Le développement émotionnel au cœur du cheminement spirituel : commentaire de la Sourate 93 du Qor'an.

connaître dieu pour mieux l'aimer développement spirituel qor'an/coran se développer en tant qu'être humain émotionnel/coeur Apr 25, 2021

Située au cœur du cheminement spirituel, la sourate 93 est une des deux sourates que nous qualifions de "sourates du développement émotionnel". A ce titre, elle doit être célébrée par le cheminant chaque jour. Elle s’adresse au cœur du Prophète (que Dieu continue de nourrir son être et sa lumière ainsi que notre connexion à lui) ainsi qu’au cœur de tout être humain qui la lit par la suite.

Elle est composée de deux parties, une que l’on peut qualifier de théorique et l’autre de mise en pratique. Et nous allons voir qu’en réalité, la première partie n’est pas de la simple théorie, c’est une annonce de la bonne nouvelle : du fait que tu es toujours aimé par Dieu.

 

Dans le sens des versets, Dieu dit :

 

"Par la clarté du jour, et par la nuit qui vient après elle” (V.1 et 2)

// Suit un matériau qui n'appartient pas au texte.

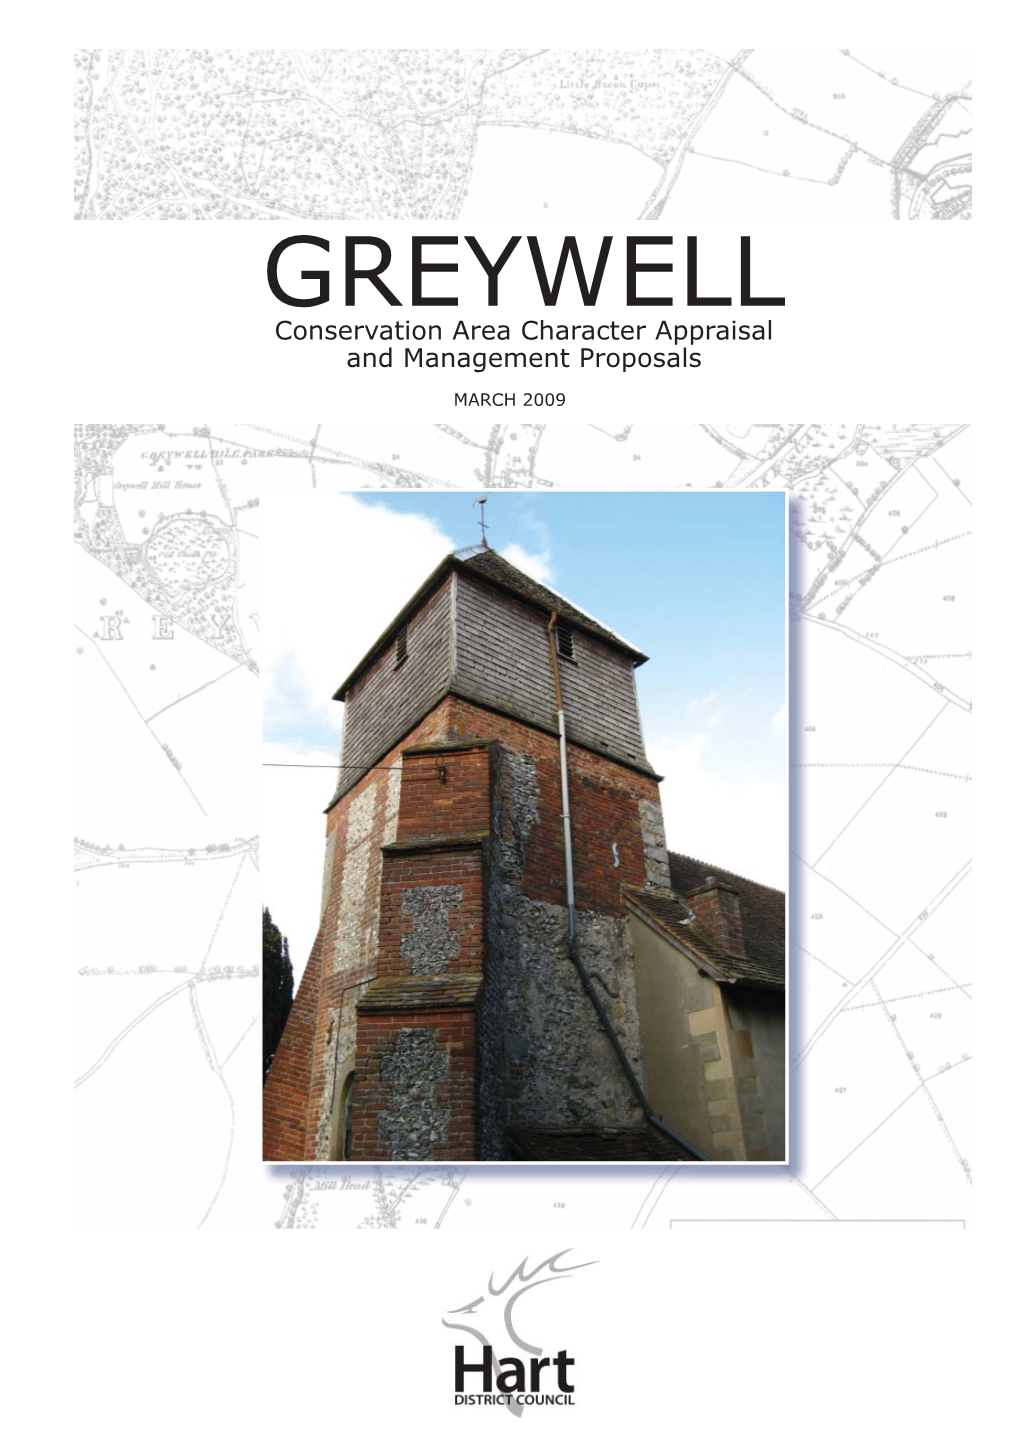 GREYWELL Conservation Area Character Appraisal and Management Proposals

On peut l'interpréter de cette façon : par le changement d’état qu’il soit extérieur (jour, nuit) ou intérieur (oscillation entre ce que l’on appelle dans le jargon spirituel la dilatation (bast) ou ouverture, et la restriction (qabd) ou constriction). Ou en d’autres termes, alternance entre joie et choix. La joie, c’est l’abondance. Le choix, c’est la restriction. Il s’agit là d’un mouvement de contraction du cœur, un exercice de flexion-extension, entre clarté et obscurité, entre joie et choix.

Ainsi, voilà Ô Mohammed (et par extension, voici Ô Être humain) ce qu’est ta vie et ce que sont tes états intérieurs. Ta vie émotionnelle n’est pas quelque chose de banal. Cette vie émotionnelle n’est pas là pour te faire souffrir, elle est là pour te permettre de t'ouvrir à travers ces états. Tu vis des “moments-mamans”, des moments de joie qui te font faire naître en toi-même. Et aussi des “moments-pères”, des “moments-repères” qui sont des moments de choix.

Et c’est à travers ces deux états à priori contradictoires que tu vas apprendre ce qu’est l’expérience d’amour dans laquelle la joie de la rencontre s’accompagne toujours de la peine de la séparation. Tu dois développer ton émotionnel à travers le fait de bien vivre ce phénomène de contraction, de variation, d’alternance.

 

"C’est à travers ces deux états à priori contradictoires que tu vas apprendre ce qu’est l’expérience d’amour dans laquelle la joie de la rencontre s’accompagne toujours de la peine de la séparation."

 

“Ton “Seigneur” ne t’a pas abandonné, ni rejeté” (V.3)

Nous pouvons aller plus loin et plus haut dans la compréhension du mot “Rabbouka”, traduit par “ton Seigneur”."Rabbouka", c’est Celui qui prend soin de toi, Celui qui te fait grandir, Celui qui est en train de te façonner. Il est ton Façonneur, ton Seigneur Educateur de ton âme et Cultivateur de ta conscience, le Développeur de ton être et de ta personnalité.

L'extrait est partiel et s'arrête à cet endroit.